I was looking at a slight variation of the Möbius inversion and tried to prove the following direction:
If $$ g(n) = \sum_{\substack{d \in \mathcal{D}\\n | d}}{\mu\left(\frac{d}{n}\right) f(d)}$$ for all $n \in \mathcal{D}$, then $$f(n) = \sum_{\substack{d\in\mathcal{D}\\ n|d}}{g(d)}$$ for all $n \in \mathcal{D}$, with $\mathcal{D}$ being a finite divisor-closed set and $\mu$ the Möbius function.
I started with $$ \sum_{\substack{d\in\mathcal{D}\\n|d}}{g(d)} = \sum_{\substack{d\in\mathcal{D}\\n|d}}{\sum_{\substack{k\in\mathcal{D}\\d|k}}{\mu\left(\frac{k}{d}\right)f(k)}} = \sum_{\substack{d\in\mathcal{D}\\n|d}}{\sum_{dm\in\mathcal{D}}{\mu(m)f(dm)}}$$ Now I tried using $n \cdot l = d$ but seemed to get nowhere.

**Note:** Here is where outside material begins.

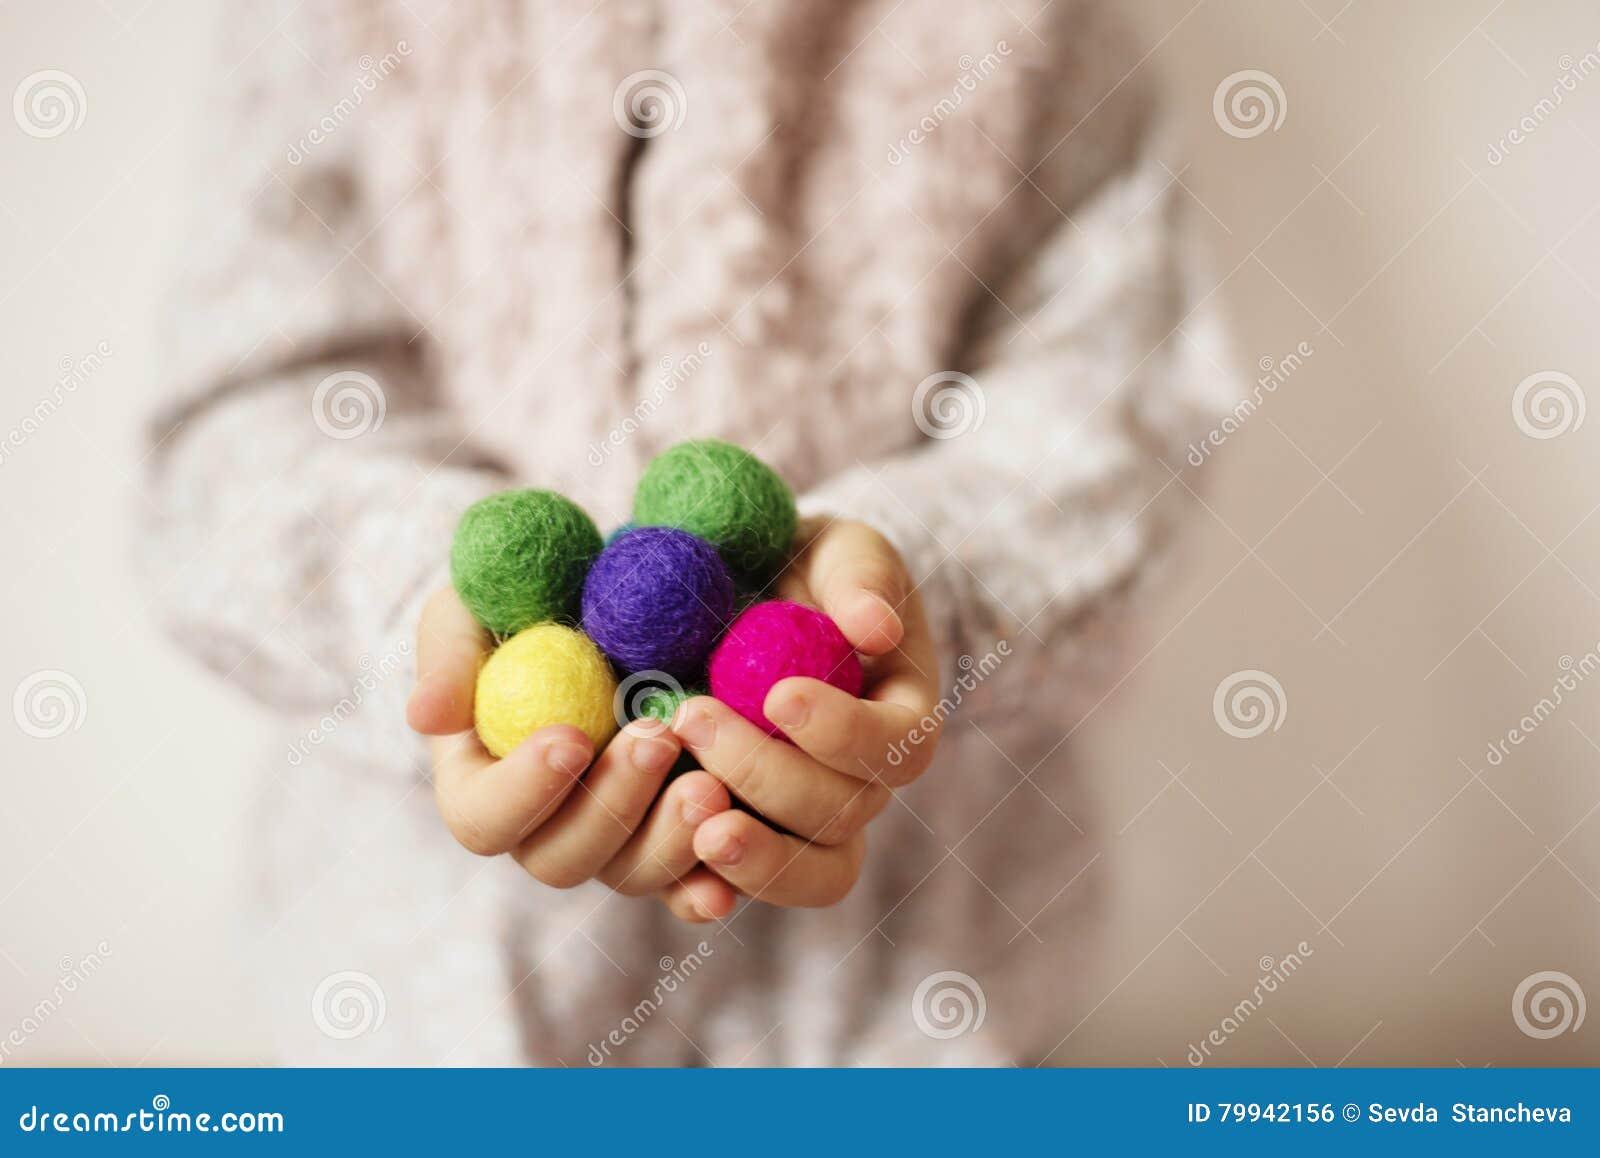 Κλείστε επάνω των χεριών παιδιών κρατώντας τις ζωηρόχρωμες αισθητές σφαίρες Παιδί, φοίνικες παιδιών Ένα μικρό κορίτσι κρατά στις
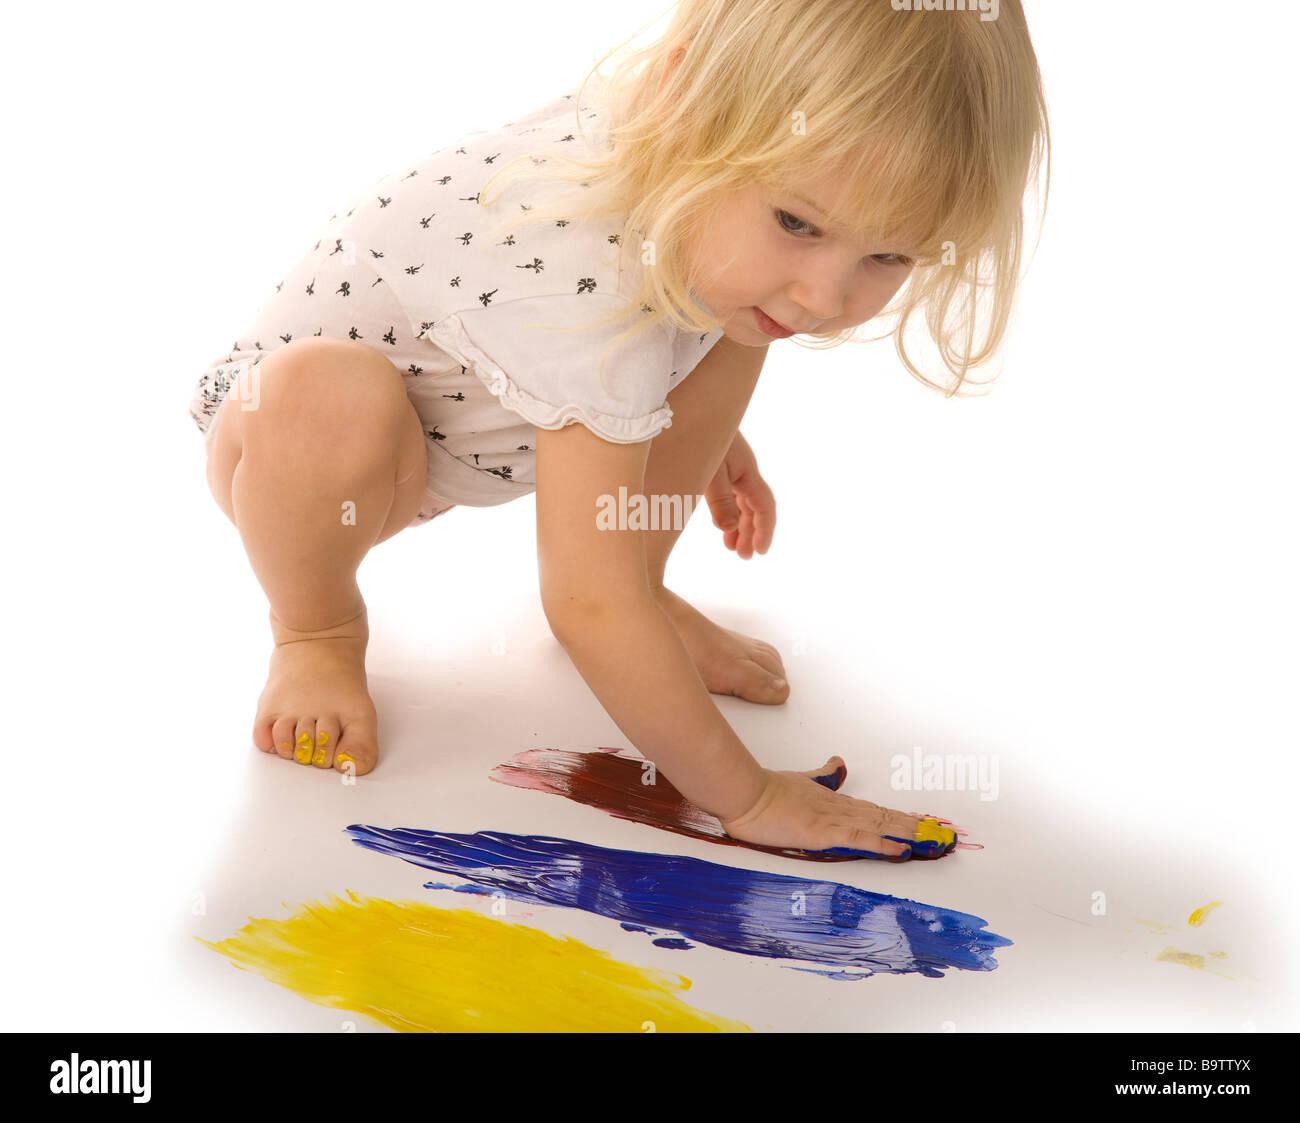 Piccola ragazza gouache dipinto su sfondo bianco Immagini Stock

How do I get on and get to the result which I guess looks something like $$ \sum_{nr \in \mathcal{D}}{\sum_{m|r}{f(nr)\mu(m)}}$$
If $S$ is a set of prime powers (of different primes) and $e^S$ the set of integers it generates then
$$\prod_{p^k \in S}(1-p^{-sk}) = \sum_{n \in e^D} \mu(n)n^{-s}, \qquad \qquad \prod_{p^k \in S}\frac{1}{1-p^{-sk}}= \sum_{n \in e^D} n^{-s}$$ $$ \sum_{n=1}^\infty n^{-s}\sum_{d | n,d \in e^S} \mu(d) f(n/d) = \sum_{n=1}^\infty f(n) n^{-s}\prod_{p^k \in S}(1-p^{-sk}) $$ $$\implies \sum_{n=1}^\infty n^{-s}\sum_{k | n,k \in e^S}\sum_{d | k,d \in e^S} \mu(d) f(k/d) = \prod_{p^k \in S}(1-p^{-sk})(\sum_{n=1}^\infty f(n) n^{-s}) \prod_{p^k \in S} \frac{1}{1-p^{-sk}} = \sum_{n=1}^\infty f(n) n^{-s}$$
$$\implies \sum_{k | n,k \in e^S}\sum_{d \in e^S} \mu(d) f(k/d) = f(n)$$